Fiction, Reviews

Review: “Revenants: The Odyssey Home”

Author: Scott Kauffman

Kindle Edition: 275 pages

Publisher: Moonshine Cove Publishing, LLC

Release Date: 23 December 2015

Author Requested Review

3 STARS

This book was always going to have an epic hill to climb as a re-telling of Homer’s “The Odyssey”. By its very nature it was going to have to be expansive both in time and location, not to mention language and structure – all very problematic for an author… There are some elements of this that Scott Kauffman has really nailed and, as to be expected, others that slip through his grasp. In light of this, I am completely torn with this book.

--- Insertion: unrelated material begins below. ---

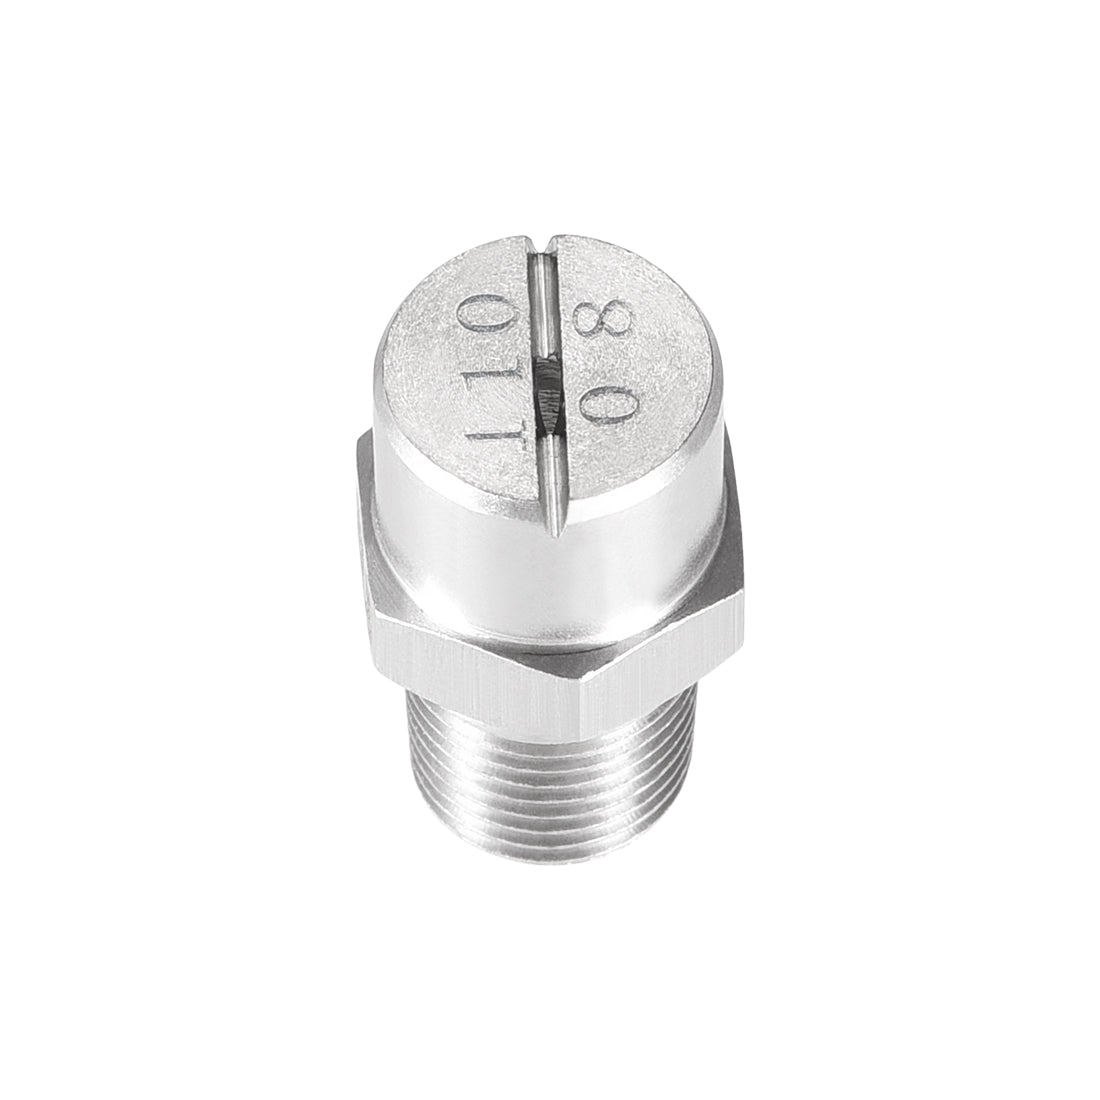 Uxcell Uxcell Flat Fan Spray Tip - 1/8BSPT Male Thread 304 Stainless Steel Nozzle - 110 Degree 2mm Orifice Diameter - 2 Pcs
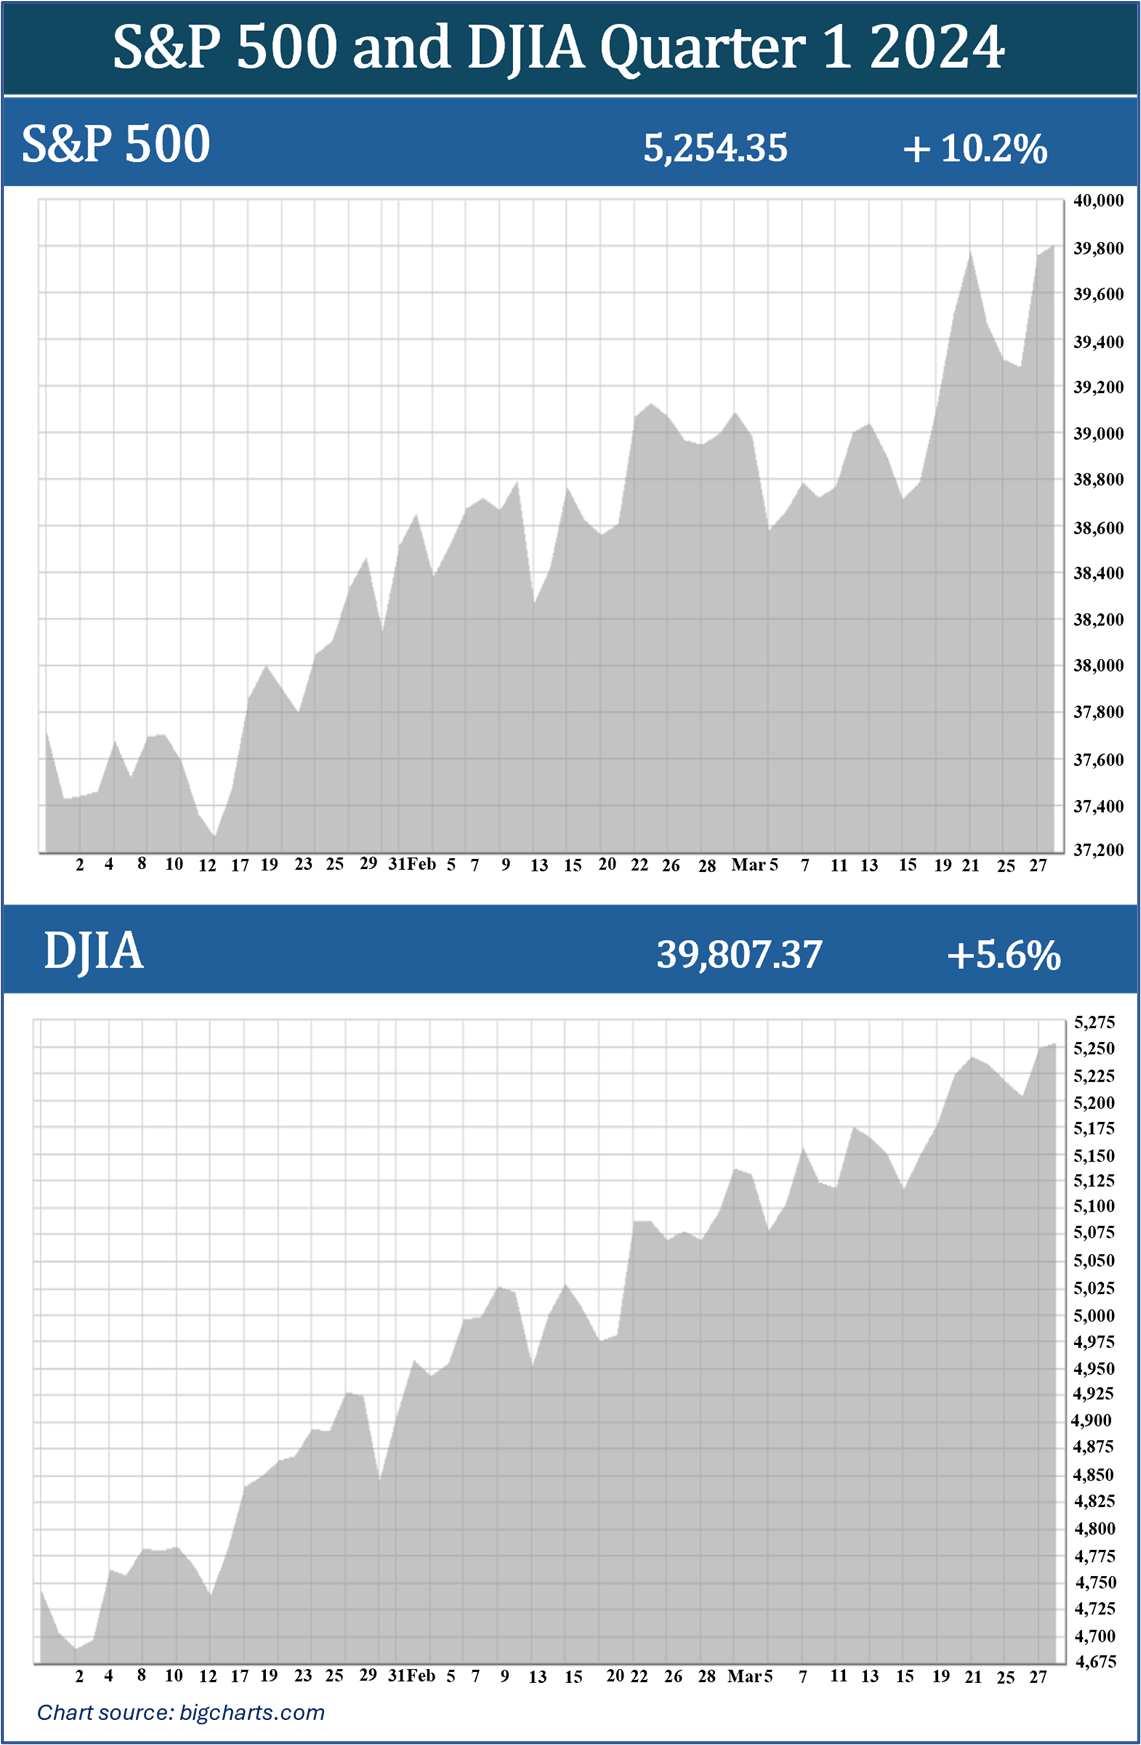 S&P 500 and DJIA Quarter 1 2024

A grief-stricken candy-striper serving in a VA hospital following her brother’s death in Vietnam struggles to return home an anonymous veteran of the Great War against the skullduggery of a congressman who not only controls the hospital as part of his small-town fiefdom but knows the name of her veteran. A name if revealed would end his political ambitions and his fifty-year marriage. In its retelling of Odysseus’ journey, Revenants casts a flickering candle upon the charon toll exacted not only from the families of those who fail to return home but of those who do.

The bulk of this historical, coming-of-age novel deals with the story of Betsy, a teenage girl who is recruited to serve as a volunteer nurse during the summer holidays after her brother is killed in Vietnam. Whilst at the VA hospital, she learns of a mysterious patient in the attic and becomes embroiled in attempting to discover his identity.To be honest, it’s here on this smaller stage – one summer, in a small mid-west town, that Kauffman produces some of his best writing. I really enjoyed the mystery element of the book – it had pace and you definitely felt drawn into wanting to solve the puzzle. Kauffman, through the narrative voice, creates genuine sympathy for Betsy here, and you are able to watch her mature and deal with her grief as the story develops, much more so than the first person ‘Betsy’ moments at the start and end.

Kauffman’s use of Homer’s non-linear narrative and shifts in perspective can  make it  hard to follow at times though, and it often doesn’t endear you to the characters, especially Betsy, at the start of the novel. It is worth pushing through though. The main bulk of this story about the effect of war on not only soldiers, but their loved ones, is very touching and has some really beautiful and unexpected poetic description.

Overall I found myself really drawn into the story after getting through the first few chapters. It’s certainly worth  persevering with this novel, it is extremely detailed in its research – so much so that as a Brit I had to look up several references to US pop-culture! And you get a strong sense of the characters and the worlds they inhabit. This is a solid bet if you are looking for something that explores the aftermath of war more than a war itself and whilst there are plenty of nods to “The Odyssey”, particularly in the repeated imagery and themes of homecoming and fate, it has its own charm.

Thanks to Scott Kauffman for making a copy of this novel available to me for review.